🚀 MixQG (Large-sized Model)
MixQG is a novel question generation model pre - trained on a diverse collection of QA datasets with mixed answer types, offering enhanced performance in question generation tasks.
🚀 Quick Start
MixQG is a new question generation model pre - trained on a collection of QA datasets with a mix of answer types. It was introduced in the paper MixQG: Neural Question Generation with Mixed Answer Types and the associated code is released in this repository.
💻 Usage Examples
Basic Usage
Using Huggingface pipeline abstraction:
from transformers import pipeline
nlp = pipeline("text2text-generation", model='Salesforce/mixqg-large', tokenizer='Salesforce/mixqg-large')
CONTEXT = "In the late 17th century, Robert Boyle proved that air is necessary for combustion."
ANSWER = "Robert Boyle"
def format_inputs(context: str, answer: str):
return f"{answer} \\n {context}"
text = format_inputs(CONTEXT, ANSWER)
nlp(text)
Advanced Usage
Using the pre - trained model directly:
from transformers import AutoTokenizer, AutoModelForSeq2SeqLM
tokenizer = AutoTokenizer.from_pretrained('Salesforce/mixqg-large')
model = AutoModelForSeq2SeqLM.from_pretrained('Salesforce/mixqg-large')
CONTEXT = "In the late 17th century, Robert Boyle proved that air is necessary for combustion."
ANSWER = "Robert Boyle"
def format_inputs(context: str, answer: str):
return f"{answer} \\n {context}"
text = format_inputs(CONTEXT, ANSWER)
input_ids = tokenizer(text, return_tensors="pt").input_ids
generated_ids = model.generate(input_ids, max_length=32, num_beams=4)

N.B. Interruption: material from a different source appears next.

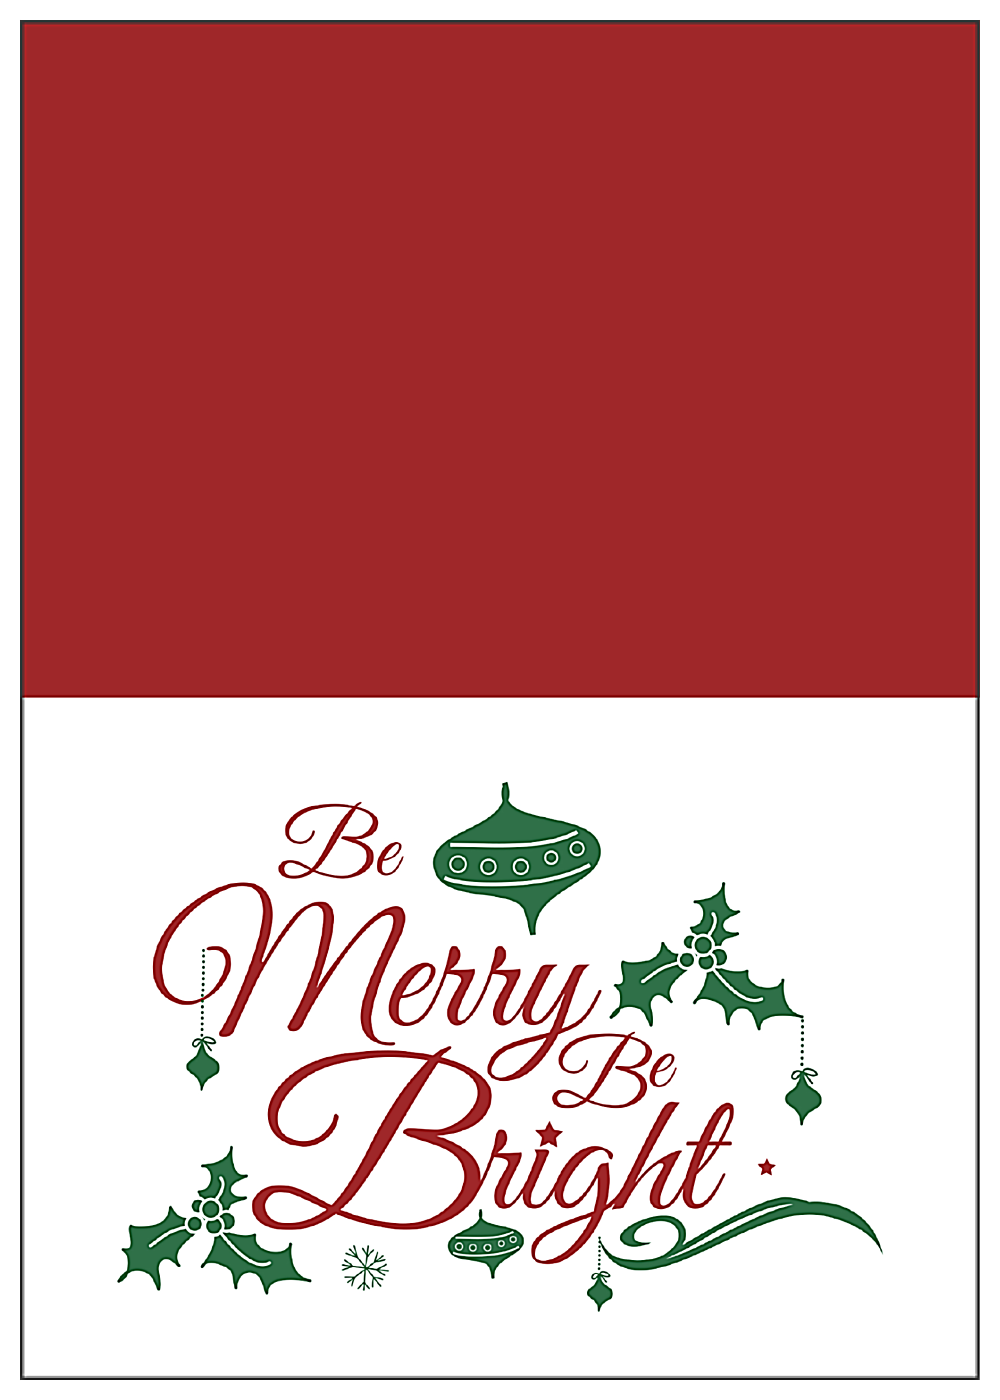 Merry Bright front - Greeting Cards Maker

output = tokenizer.batch_decode(generated_ids, skip_special_tokens=True)
print(output)
📚 Documentation
Citation
@misc{murakhovska2021mixqg,
title={MixQG: Neural Question Generation with Mixed Answer Types},
author={Lidiya Murakhovs'ka and Chien-Sheng Wu and Tong Niu and Wenhao Liu and Caiming Xiong},
year={2021},
eprint={2110.08175},
archivePrefix={arXiv},
primaryClass={cs.CL}
}
🔧 Technical Details
Ethical Considerations
This release is for research purposes only in support of an academic paper. Our models, datasets, and code are not specifically designed or evaluated for all downstream purposes. We strongly recommend users evaluate and address potential concerns related to accuracy, safety, and fairness before deploying this model. We encourage users to consider the common limitations of AI, comply with applicable laws, and leverage best practices when selecting use cases, particularly for high - risk scenarios where errors or misuse could significantly impact people’s lives, rights, or safety. For further guidance on use cases, refer to our AUP and AI AUP.